-- Opening Marker --
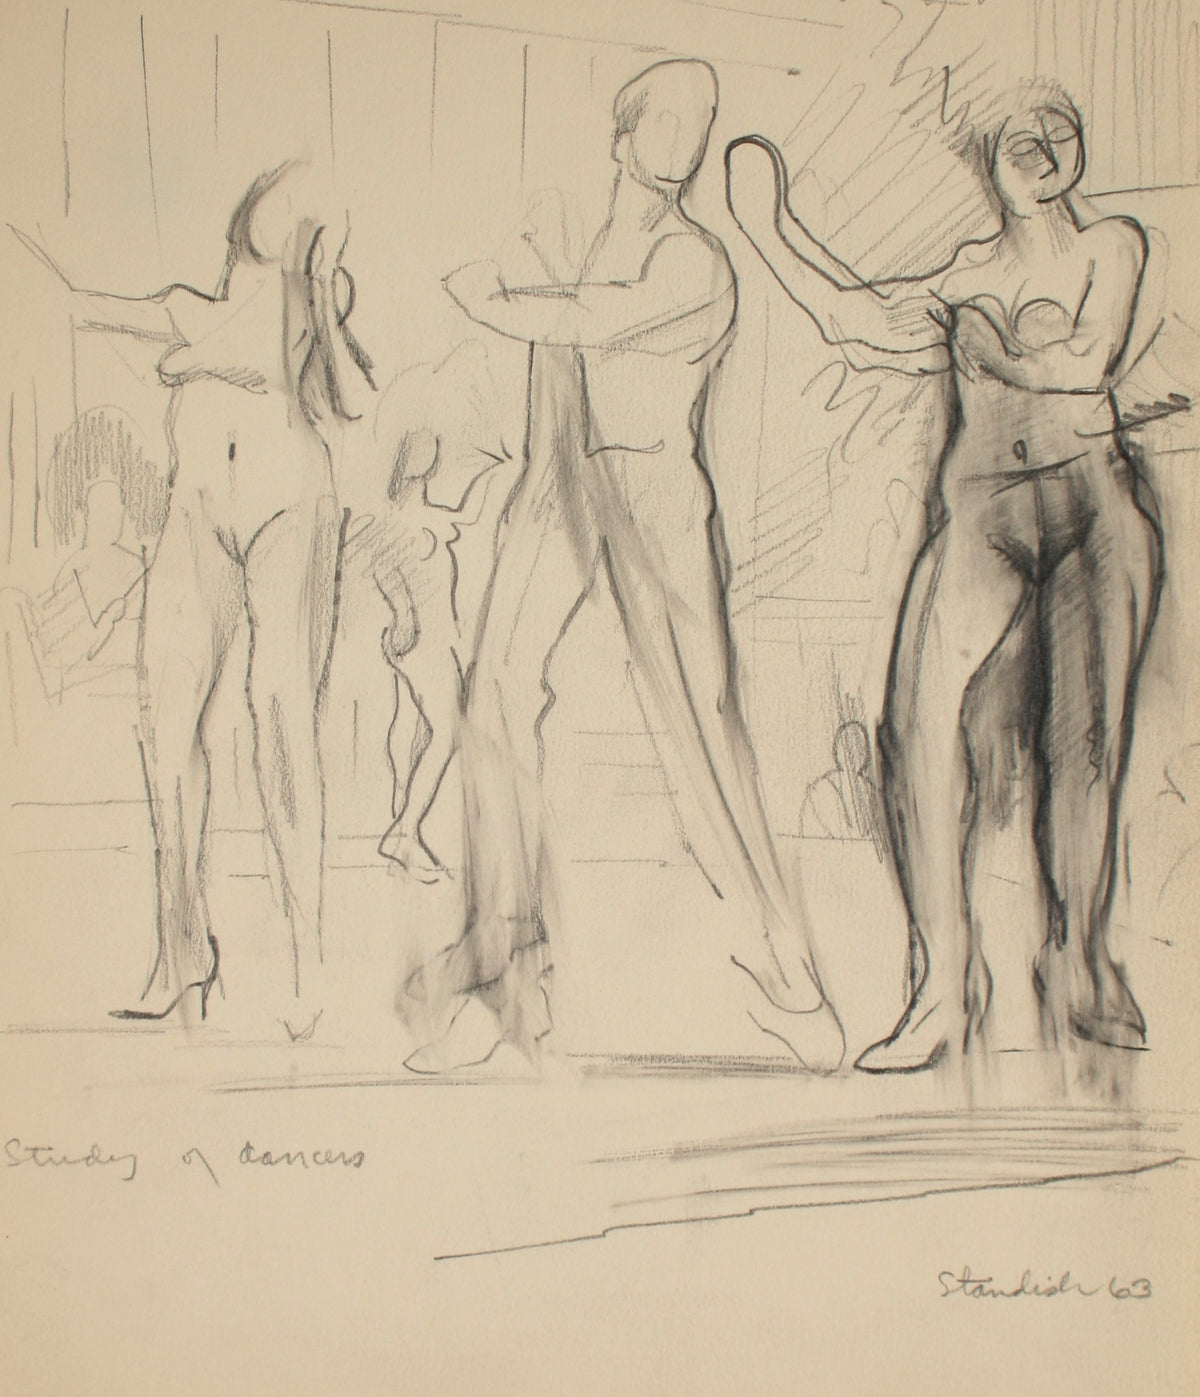 &lt;i&gt;Study of Dancers&lt;/i&gt; &lt;br&gt;1963 Graphite &lt;br&gt;&lt;br&gt;#71497
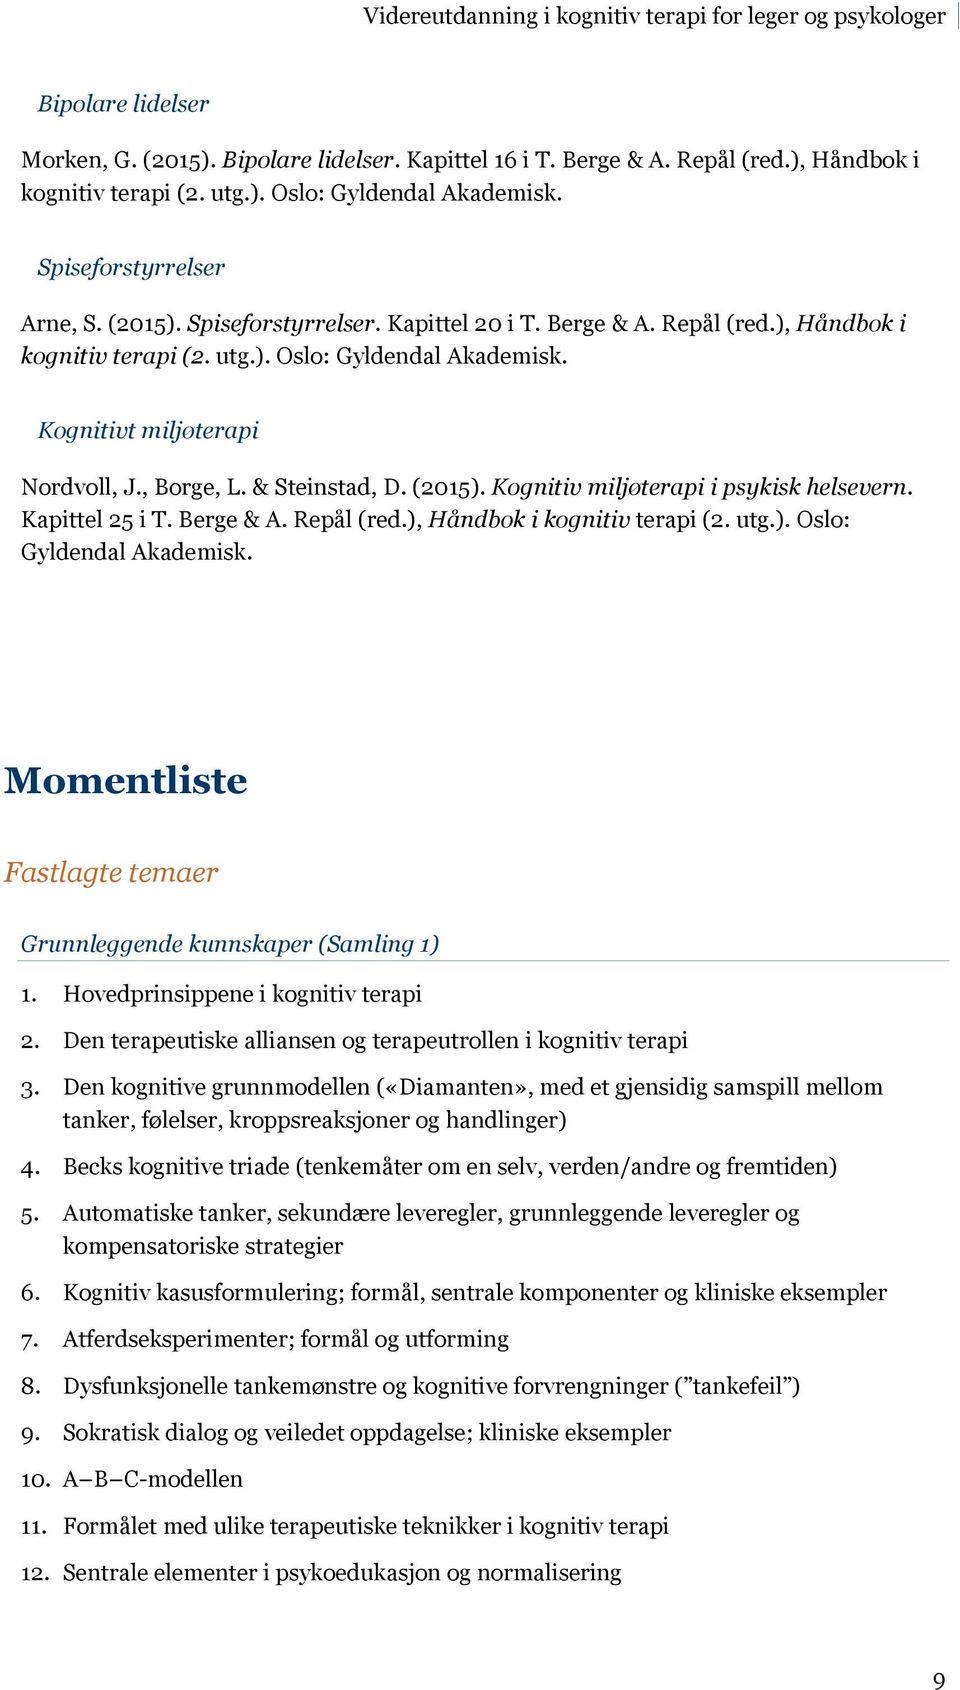 Kapittel 25 i T. Berge & A. Repål (red.), Håndbok i kognitiv terapi (2. utg.). Oslo: Gyldendal Akademisk. Momentliste Fastlagte temaer Grunnleggende kunnskaper (Samling 1) 1.
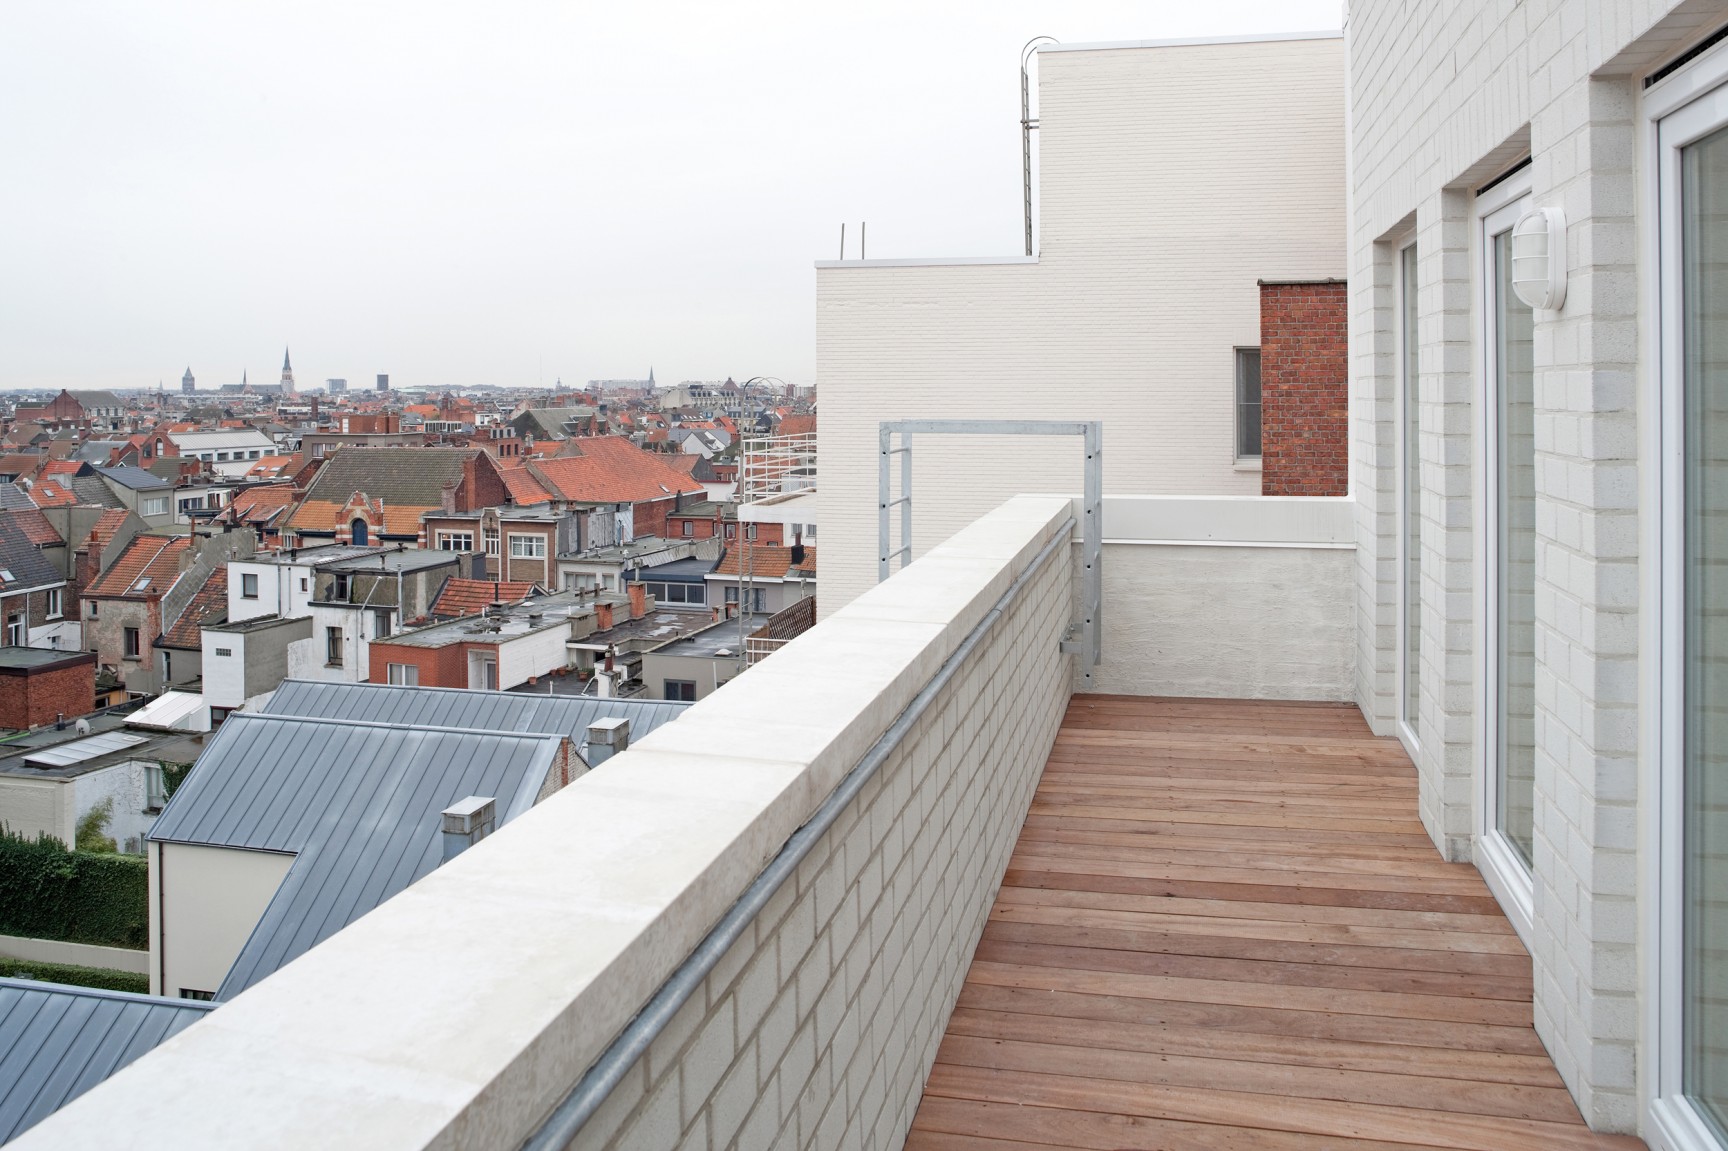 Italiëlei social housing Antwerp
-- Closing Marker --
-- AIM OF THE TASK --
Every line above should be returned word for word, with the pictures left behind.

-- OUTPUT --
 &lt;i&gt;Study of Dancers&lt;/i&gt; &lt;br&gt;1963 Graphite &lt;br&gt;&lt;br&gt;#71497
 Kapittel 25 i T. Berge & A. Repål (red.), Håndbok i kognitiv terapi (2. utg.). Oslo: Gyldendal Akademisk. Momentliste Fastlagte temaer Grunnleggende kunnskaper (Samling 1) 1.
 Italiëlei social housing Antwerp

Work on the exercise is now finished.